The difference between passwd -l and passwd -d

There are two options for canceling a user password in Linux. You can either lock the password login or delete the password altogether. What implications do they have?

Most administrators today would probably set up their servers with SSH access. But if you initially provisioned the server with password authentication, you’ll need to prevent the user you used from logging in.

The passwd program can either lock an account (the -l option) or delete a password for the account (the -d option). What’s the difference?

Locking accounts would prevent users from logging in, but keep their passwords around:

$ sudo passwd -l root

This means you can later unlock these accounts and use them as before. It also means you’ll still need and use passwords for sudo if the password is required (you can configure sudo not to require password, though).
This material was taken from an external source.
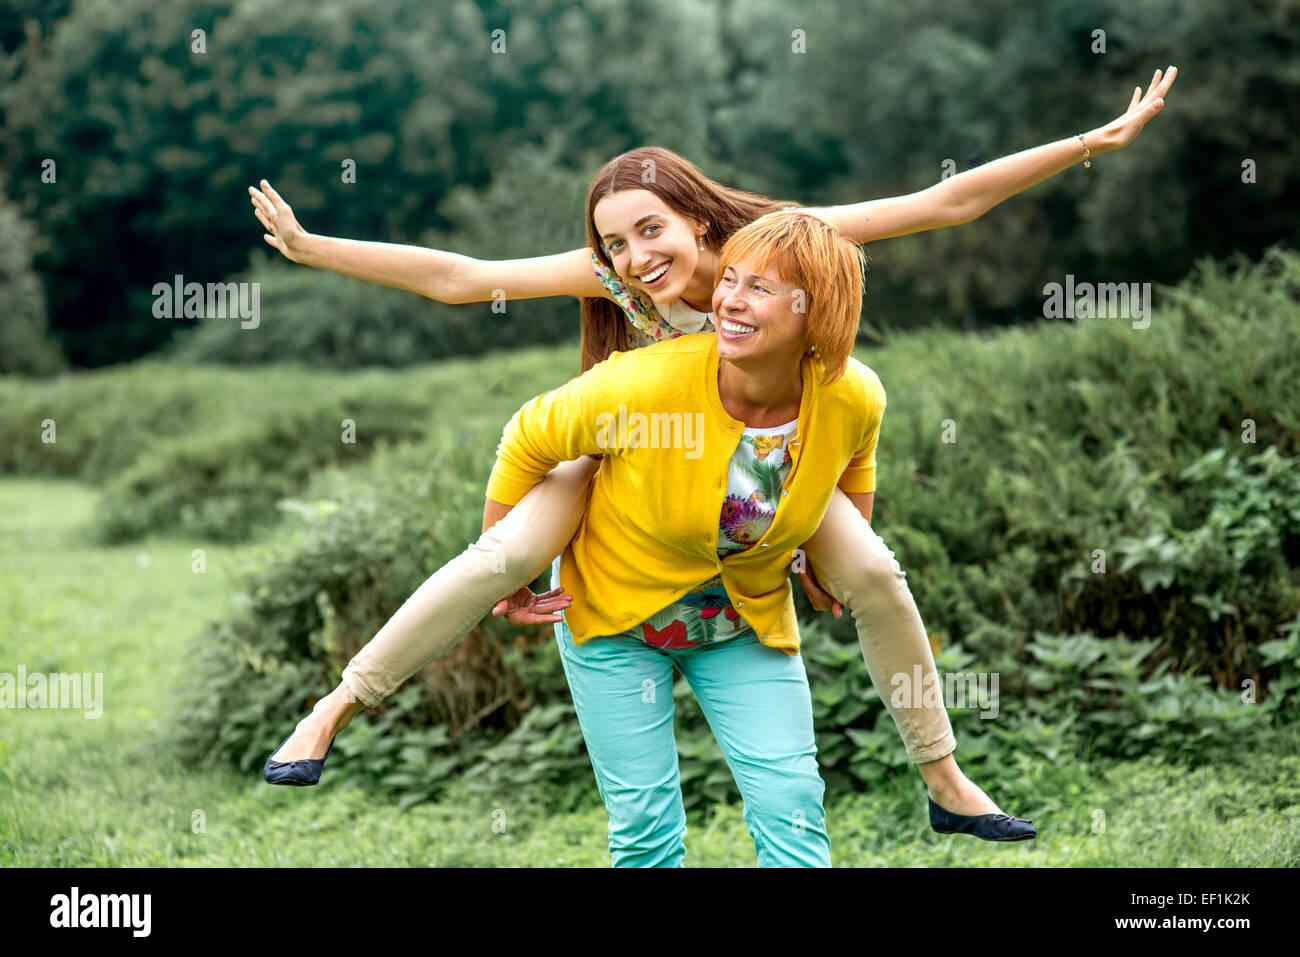 Madre dando piggyback montando a su hija en el parque Imagen De Stock

Removing the password, on the other hand, completely removes the password and removes the unnecessary lock if present:

$ sudo passwd -d root

Users without passwords won’t be require to input password on logging. If they are configured to use sudo, they can do that without password, too (even if password is required by sudo).

As for the SSH access, locked accounts cannot log in and logging of passwordless accounts depends on the PermitEmptyPasswords directive in /etc/ssh/sshd_config (location on Fedora-based systems). If set to yes, users can login without issues. If set to no or if the password authentication is disabled alltogether, then they won’t be able to log in (this should be default).